The answer should be every line below, repeated exactly, with the images left out.

THE DATA ->
• • • • • • •
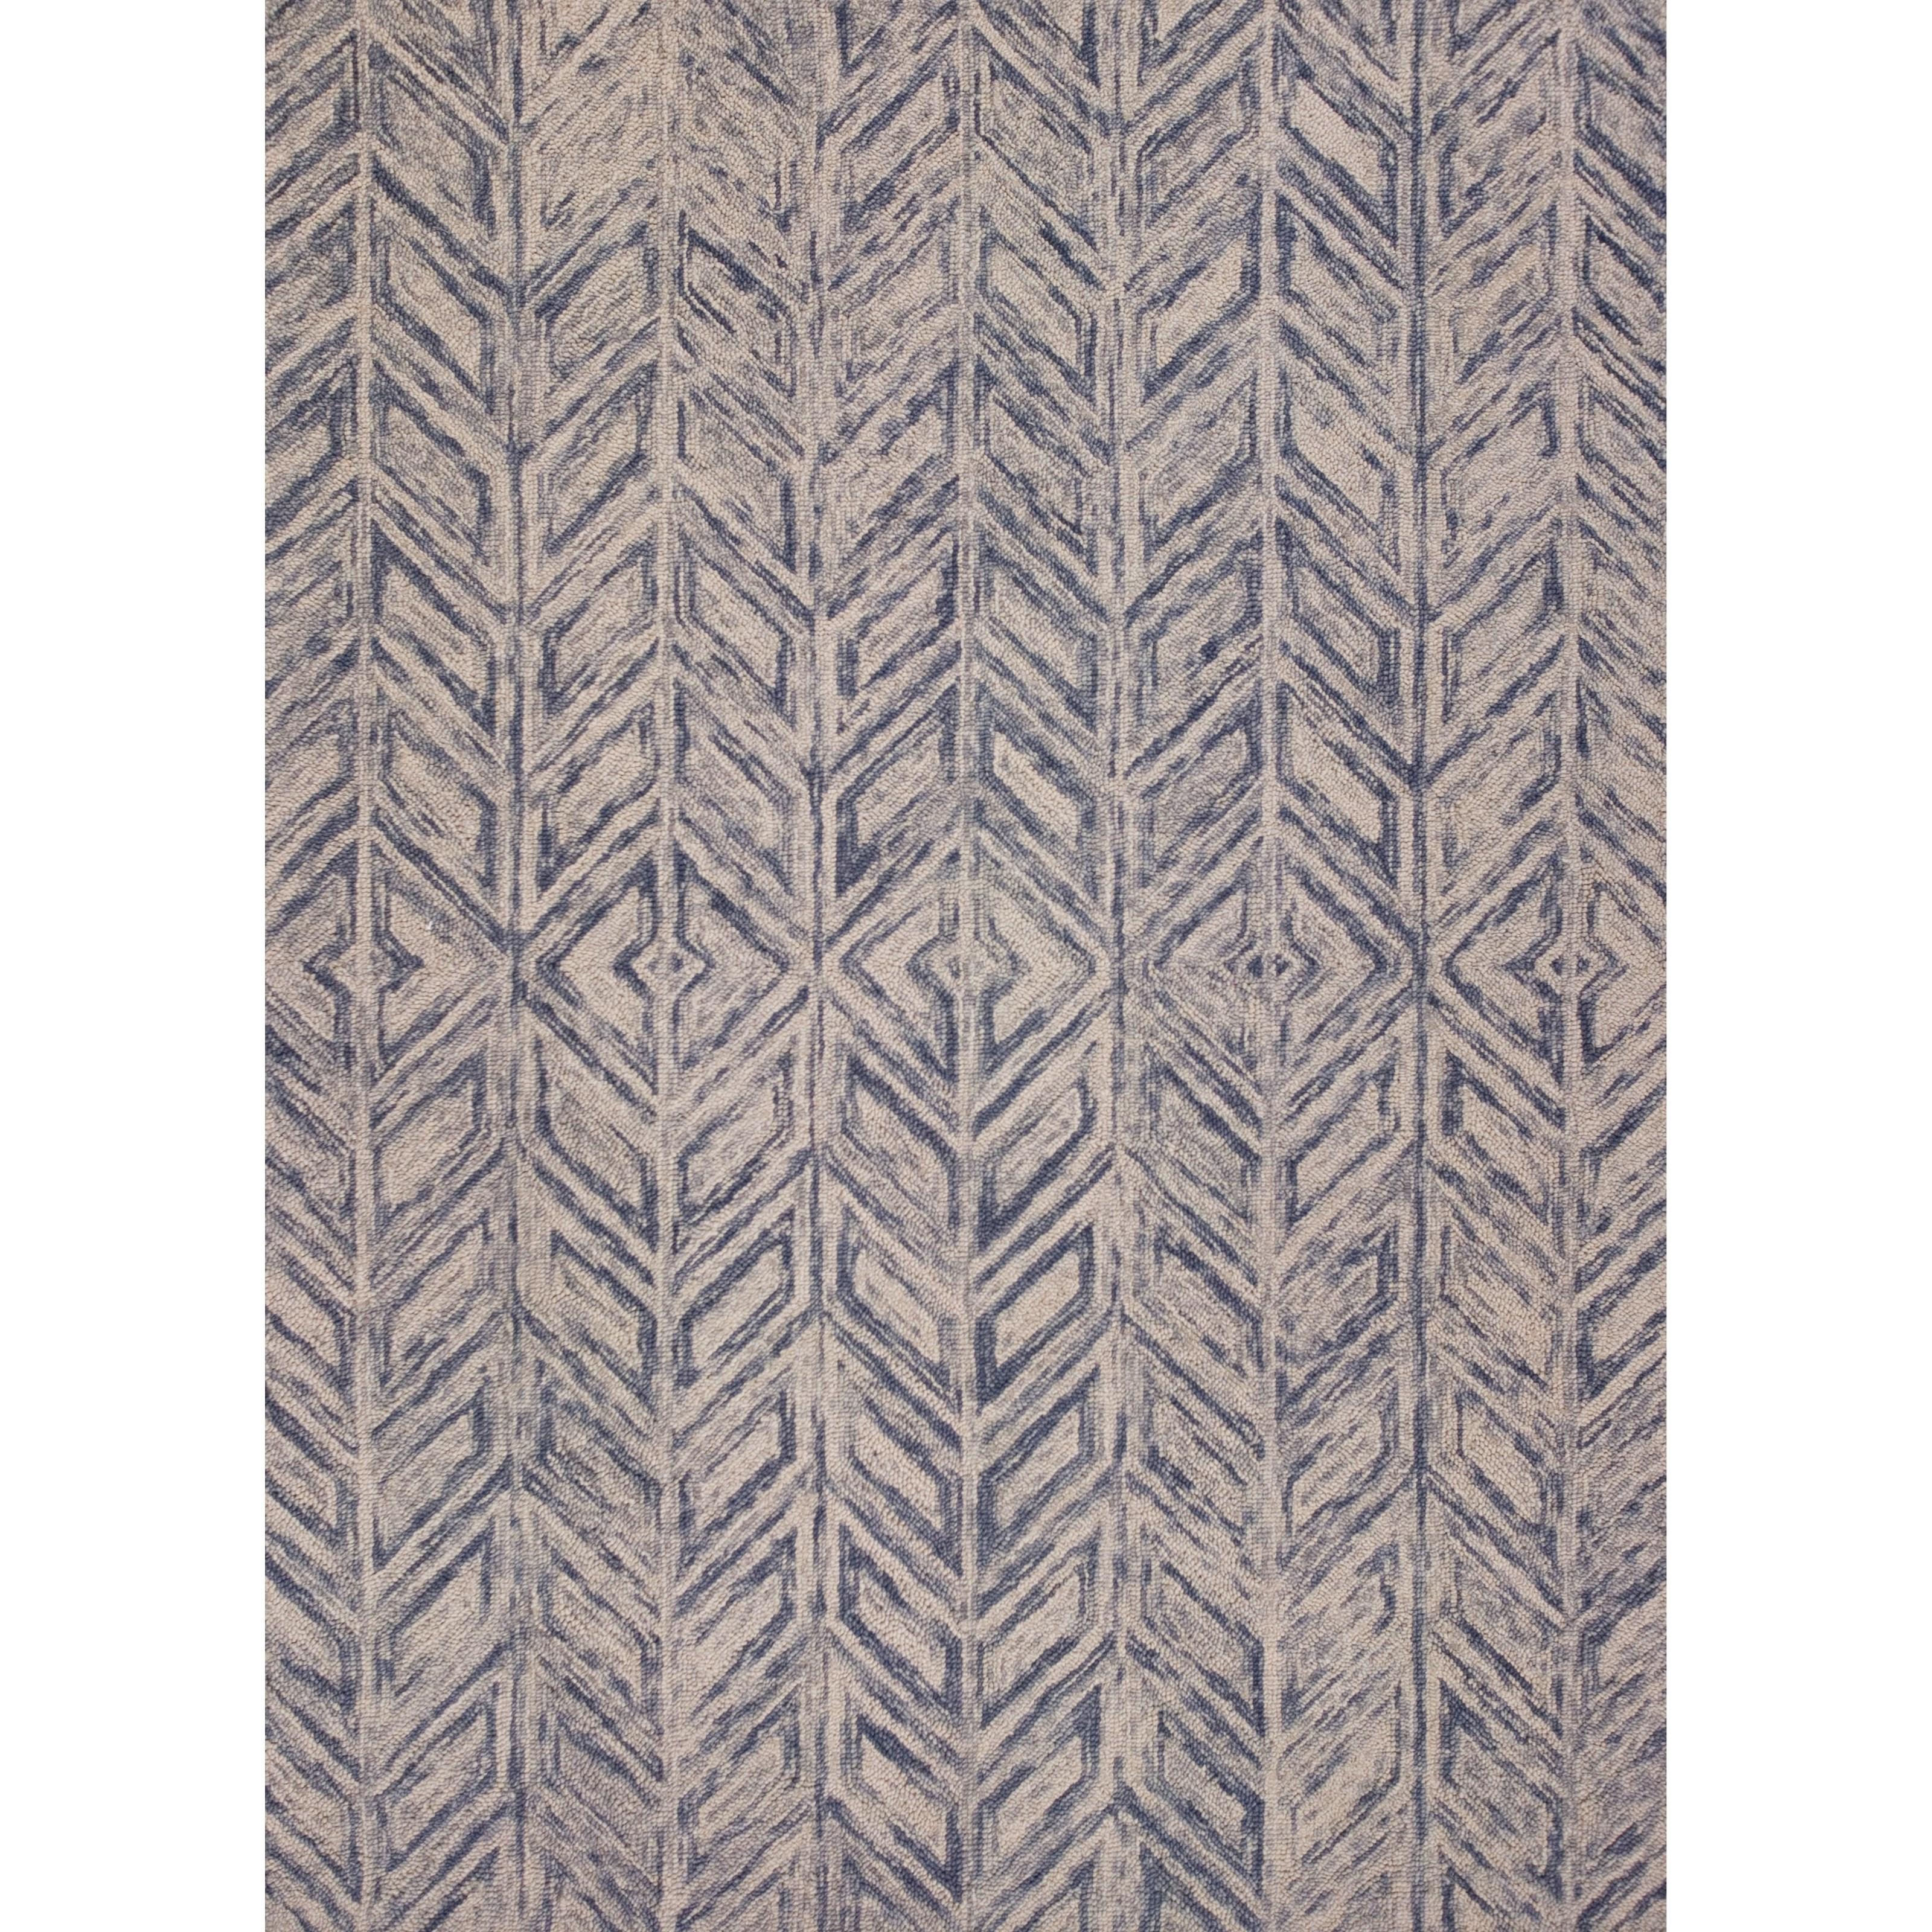 9' x 12' Blue Heather Herringbone Rug
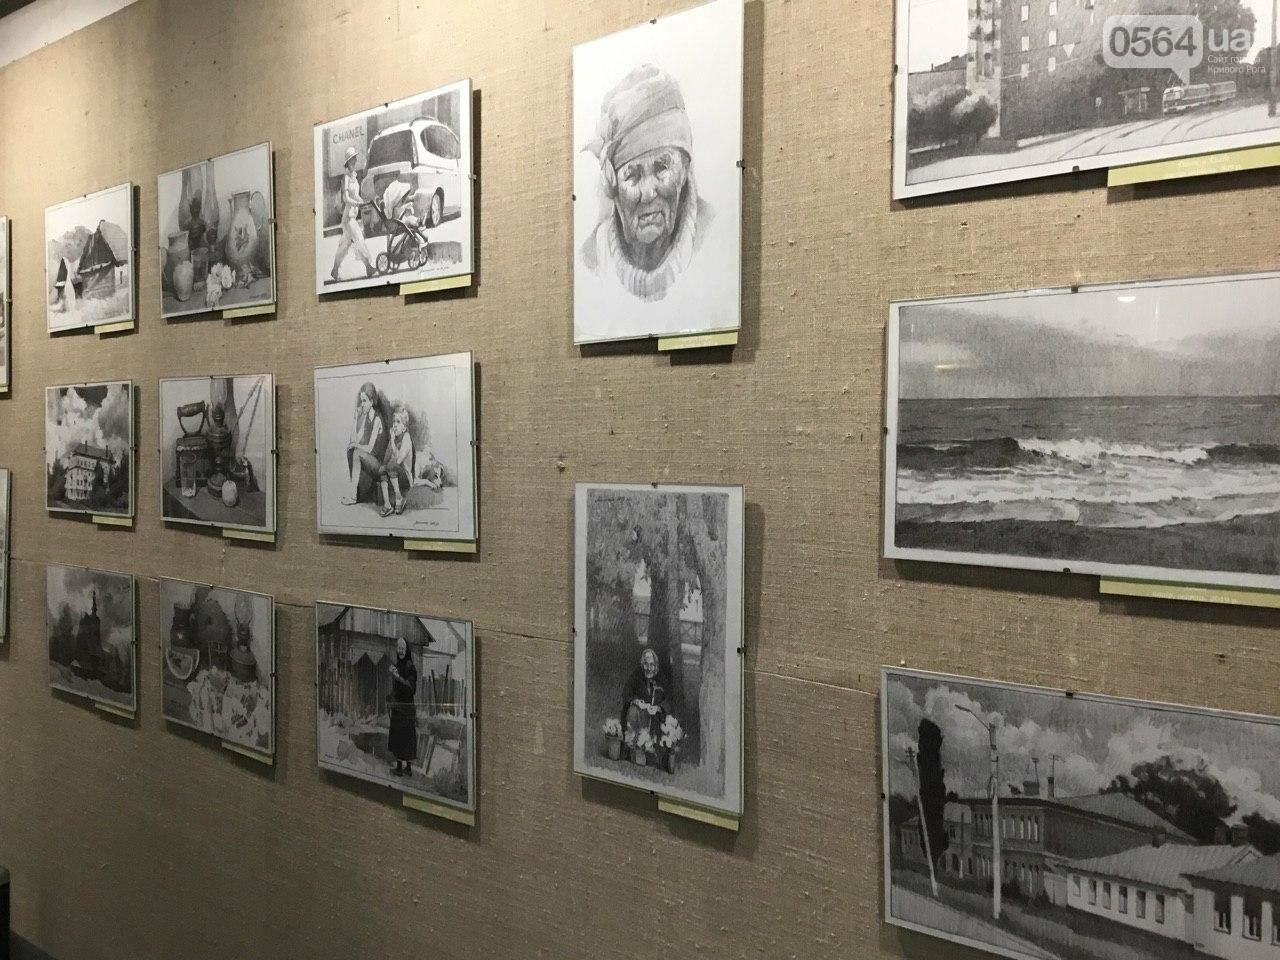 """В криворожском музее открылась художественная выставка """"Траектория творчества"""", - ФОТО, ВИДЕО, фото-2"""
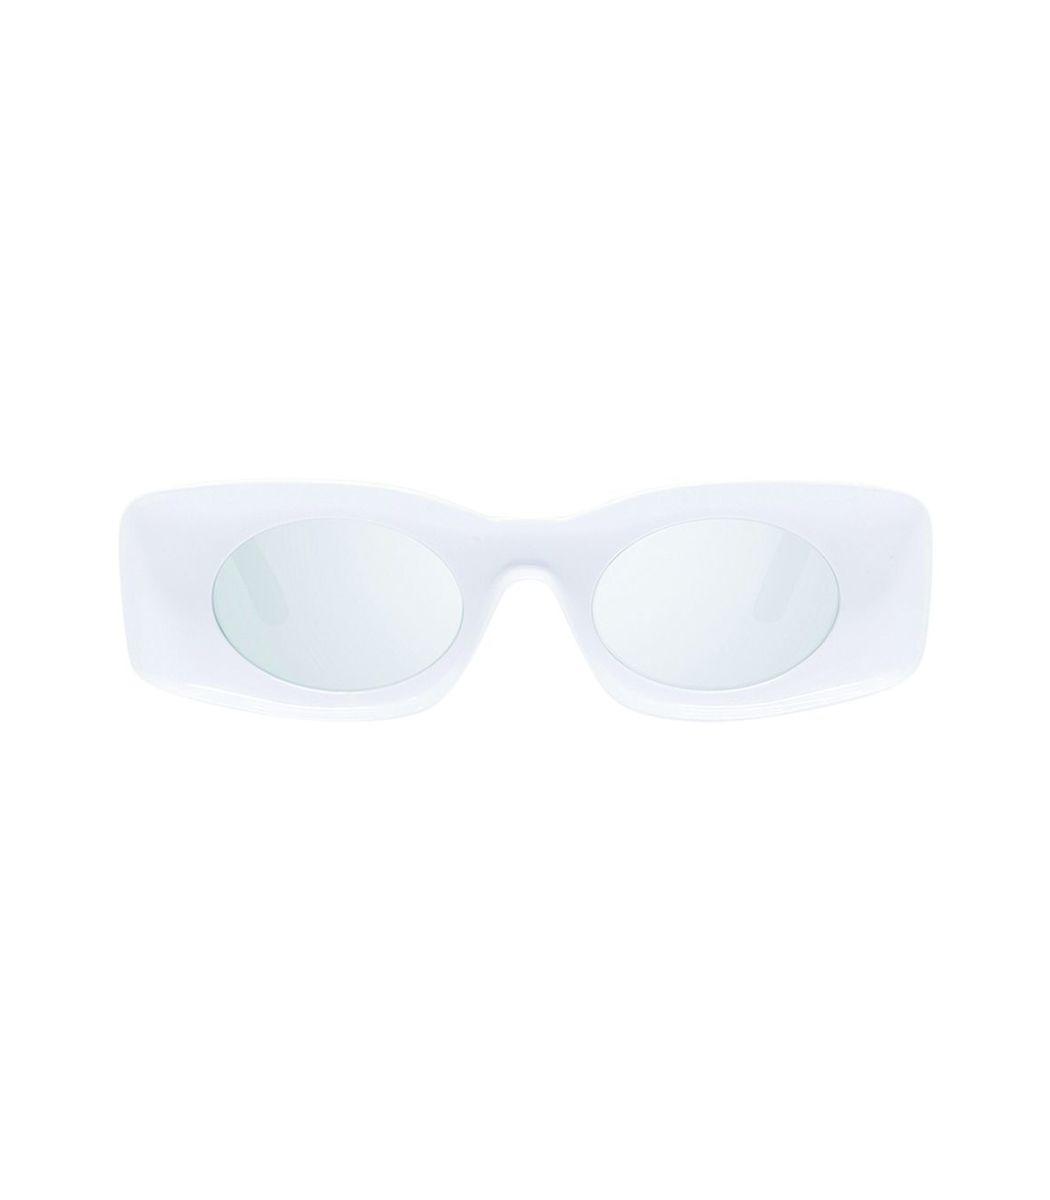 Loewe White Smoke Mirror Rectangular Sunglasses
• • • • • • •
REPLY ->
 9' x 12' Blue Heather Herringbone Rug
 """В криворожском музее открылась художественная выставка """"Траектория творчества"""", - ФОТО, ВИДЕО, фото-2"""
 Loewe White Smoke Mirror Rectangular Sunglasses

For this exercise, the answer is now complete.